======== Data shown ========
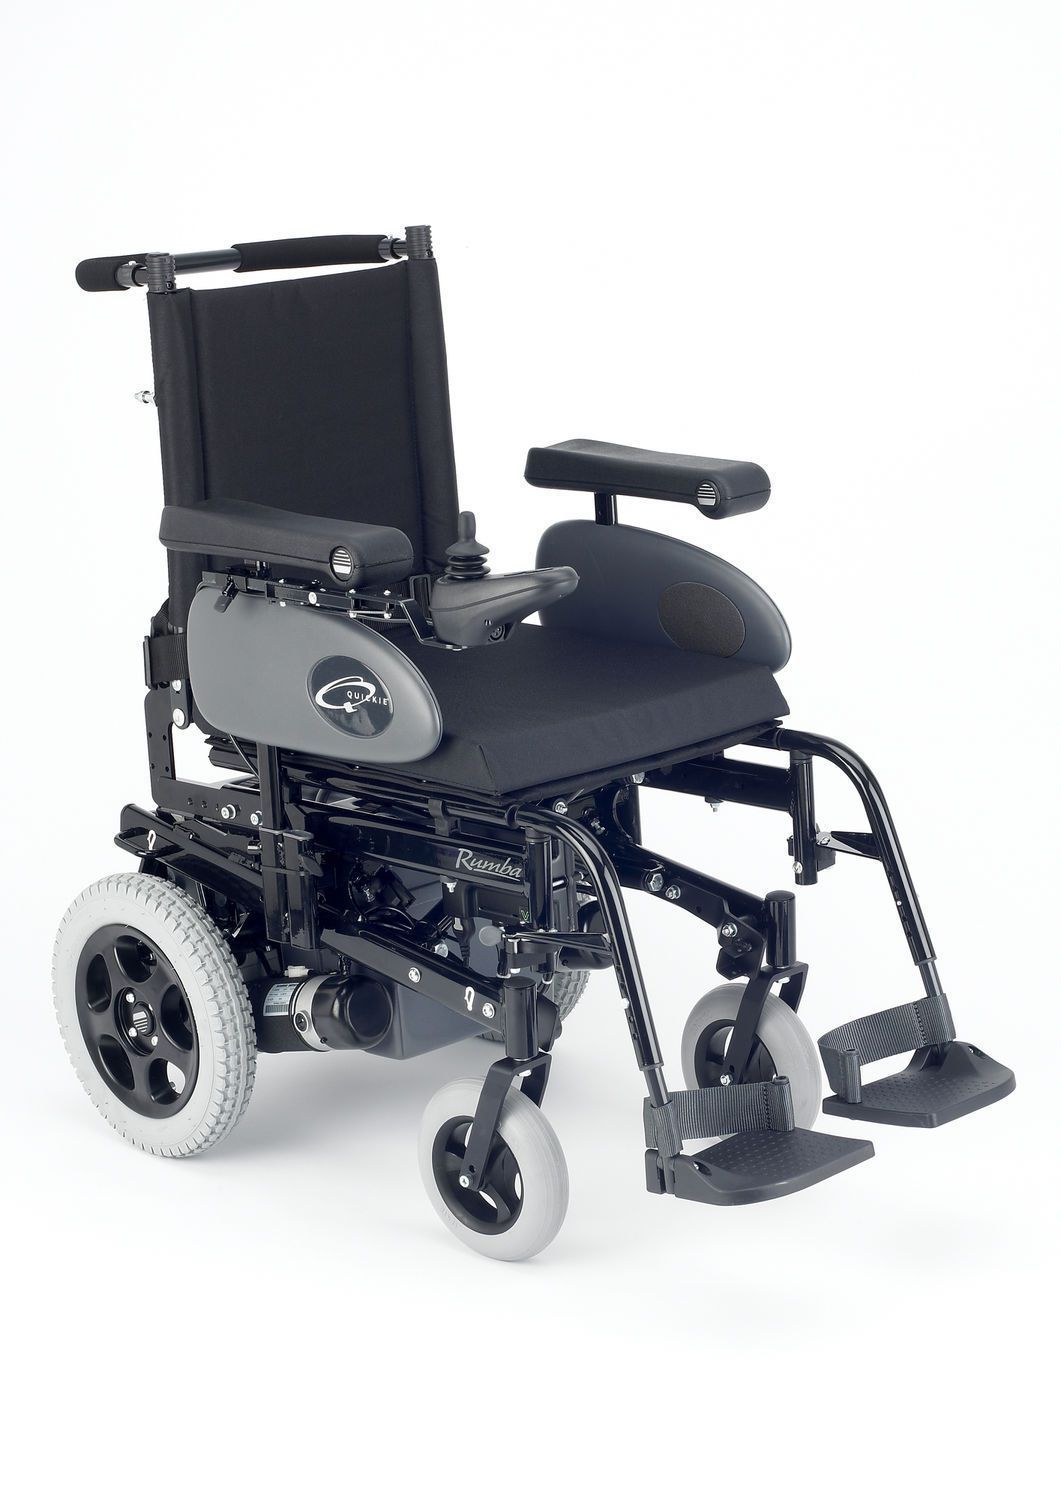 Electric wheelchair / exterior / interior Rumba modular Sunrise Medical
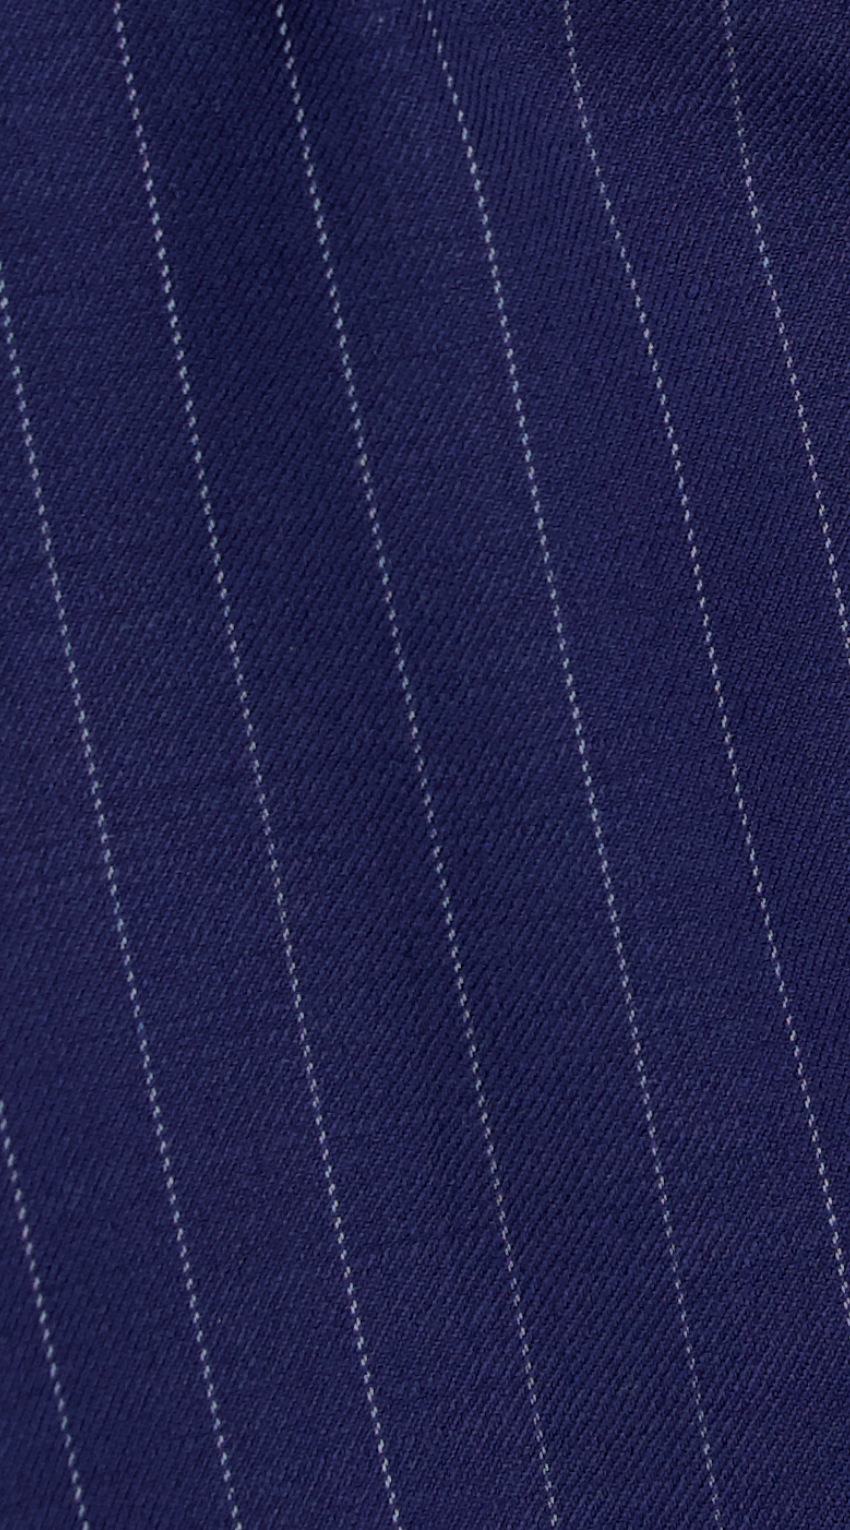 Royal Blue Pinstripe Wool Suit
========
======== Data shown ========
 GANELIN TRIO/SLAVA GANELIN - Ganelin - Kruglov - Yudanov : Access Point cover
========
**Exercise requirements:** Only the lines of the listing above from the one with "Electric wheelchair /" through the one with "Royal Blue Pinstripe Wool Suit" should be output, exactly, with both ends kept and pictures left out.

**Answer for the task:**
 Electric wheelchair / exterior / interior Rumba modular Sunrise Medical
 Royal Blue Pinstripe Wool Suit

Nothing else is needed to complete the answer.